В Великий пост на нижегородском торгу в мясных рядах пусто, лишь сиротливо кровоточат на крючьях одна-две бараньи туши — для зажившегося в Нижнем Новгороде торгового гостя из мусульманских стран либо заезжего татарина из Казани.

Зато на рыбных полках судаки и сазаны лова подледного, балыки осетровые и белужьи, щука и разнорыбица на всяк вкус и деньгу. Есть ряды, где бабы всяким соленьем торгуют, пирогами постными и квасом…

В воскресные дни выскочит Андрейка из кабака, пробежится по торгу, разговоры послушает. А они все больше о московском пожаре и о бесчинствах ляхов. Однажды услышал, как староста мясников говорил народу:

— Православные, коли мы не подсобим государству Московскому, тогда кто же? Аль себя побережем, животы свои пожалеем?

Кто Минину поддакивал, а иные молча слушали. Лишь редкие голоса возражали либо предлагали повременить:

— Не торопись, Кузьма Захарьич, не мясо на колоде рубишь, тут примериться надобно!..

Однажды Андрейке Москва во сне привиделась, но не городом, а человеком-великаном, и он корчился, горел на костре, взывал о помощи. Кинулся Андрейка к великану, потащил из огня. Тут народ набежал, загасили костер, а человек вдруг голосом Кузьмы Минина заговорил:

«Порадеем, люди, Москве, не допустим Руси погибнуть!»

Запали слова Минина Андрейке в душу, и верил он, случится собираться ополчению, и он вступит в него.

Царь Иван Васильевич Грозный дорогой на Казань еще в первом походе любовался Нижним Новгородом.

«Быть бы сему городу столицей Руси, не будь Москвы», — будто бы изрек он.

Так ли, нет, но красотой и богатством Нижний Новгород поражал всякого, кто впервые попадал сюда.

С Кунавикской переправы долго разглядывали ватажники высившиеся на той стороне каменный кремль и башни, монастыри и церкви, хоромы и дома, улицы, тянувшиеся от самого берега вверх, гостевые дворы, склады, лавки, посад, прижавшийся к крепостным стенам. А на этой стороне Волги белел вознесшийся куполами к самым облакам Благовещенский монастырь.

Артамошка только языком поцокал, а когда дух перевел, промолвил:

— Красотища-то, ядрен корень, всем городам город!

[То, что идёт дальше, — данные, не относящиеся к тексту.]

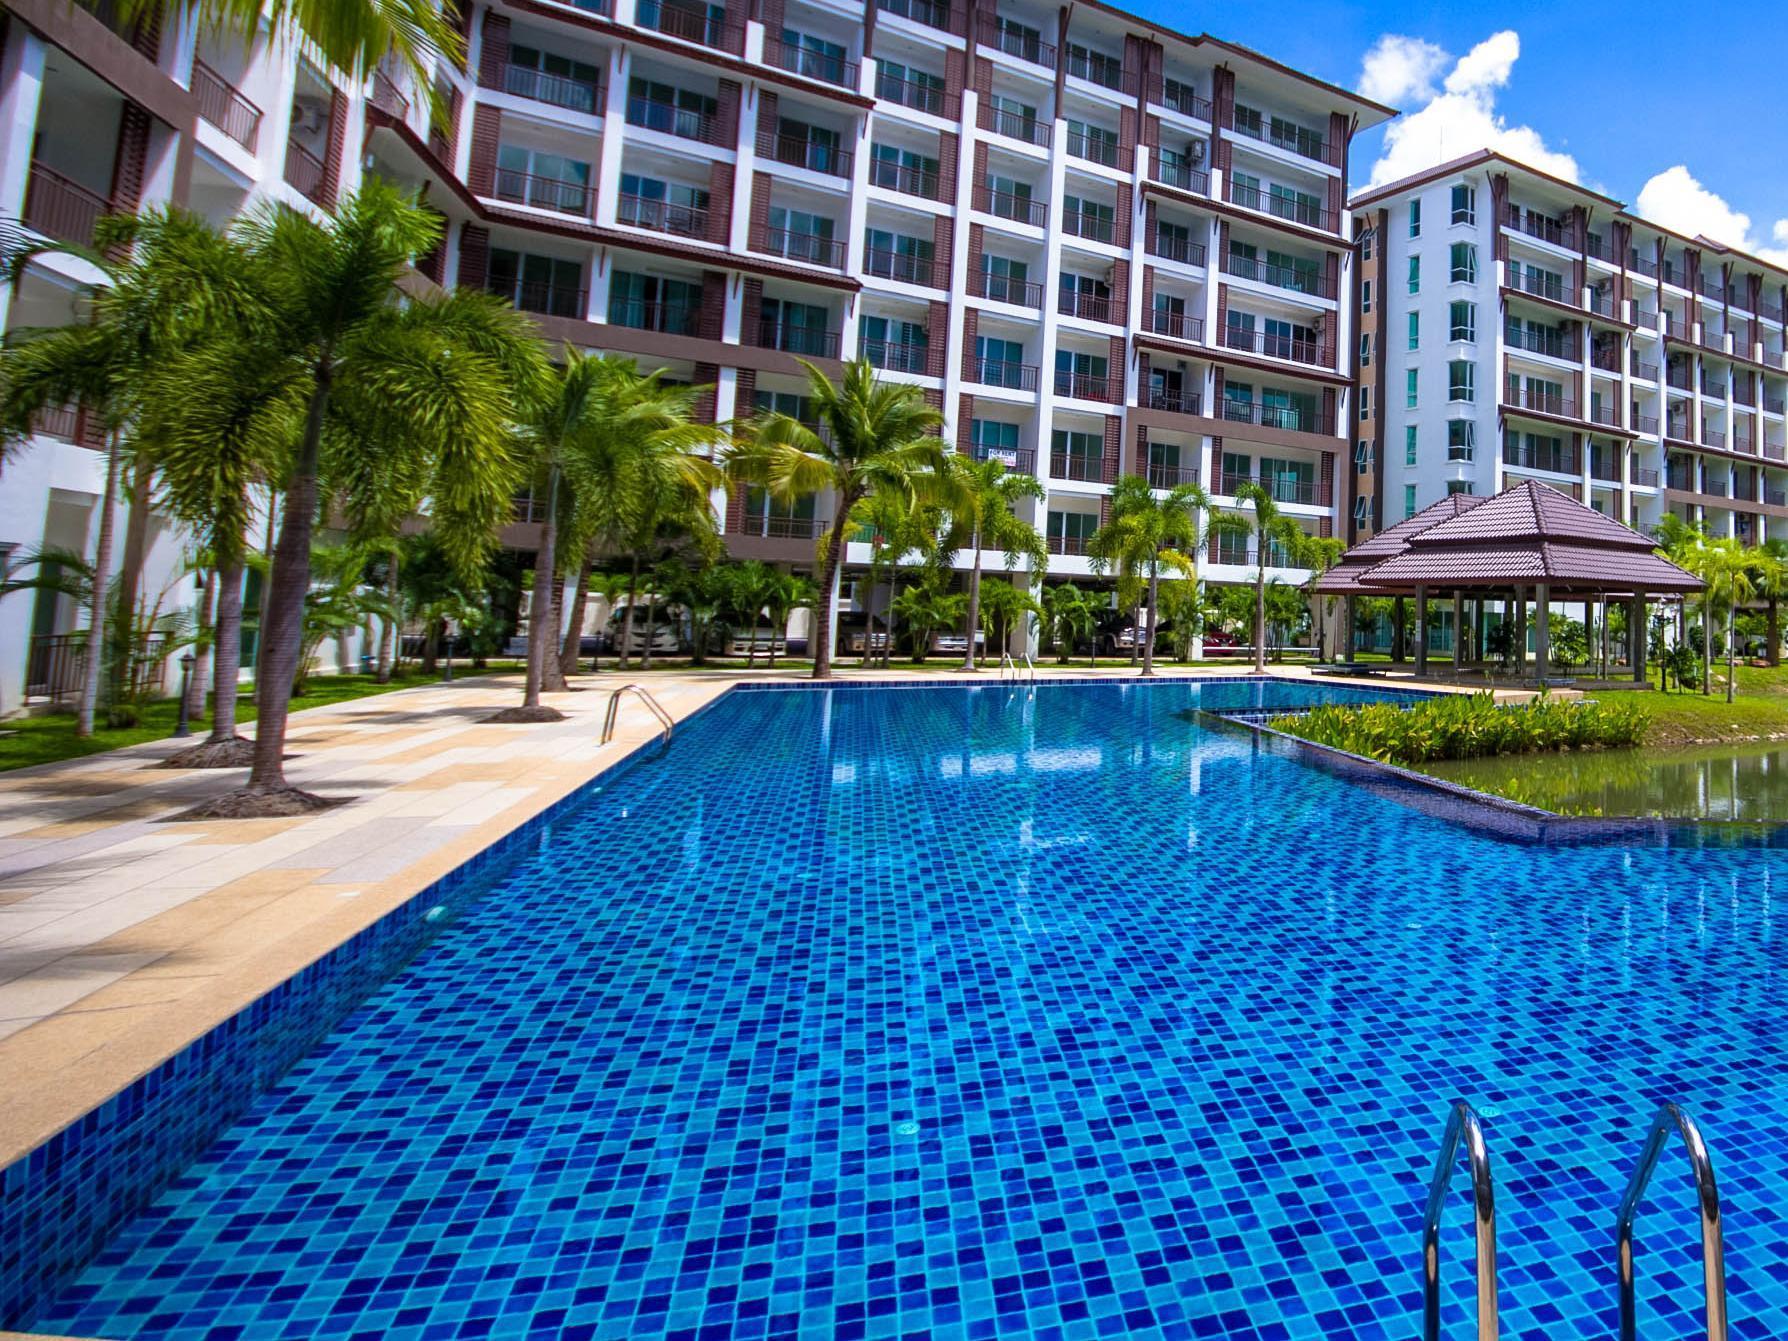 AD Studio Bang Saray Lake and Resort B330 - Hotels and Accommodation in Thailand, Asia

Через Волгу переправились дощаником. Волны плескали о глубоко осевшие борта, обдавали брызгами ватажников. Акинфиев зачерпнул горсть холодной воды, хлебнул. Фома шутливо заметил:

— Аль накормил кто?

Промолчал Артамошка, смотрел на наплывающий город, на уличное многолюдство.

Лодочник сказал:

— Пасха святая, гуляет народ… А ноне, ко всему, вздыбился Нижний, на ляхов ополчение скликает.

Город встретил ватажников пасхальным перезвоном. Из церкви расходился народ, неторопливый, принаряженный.

— У нас в Городце… — начал Фома.

— Вспомнила баба деверя, — перебили его, — тут абы чем насытиться.

Артамошка сказал решительно:

— Айдате, голод заморим. — И переступил порог кабака.

Изголодавшись в пост, народ ждал Пасхи. Уже в Светлую седмицу наряжали хоромы и избы, замешивали тесто, из потаенных мест извлекали припрятанное к этому дню сало, запекали в печи свежатину.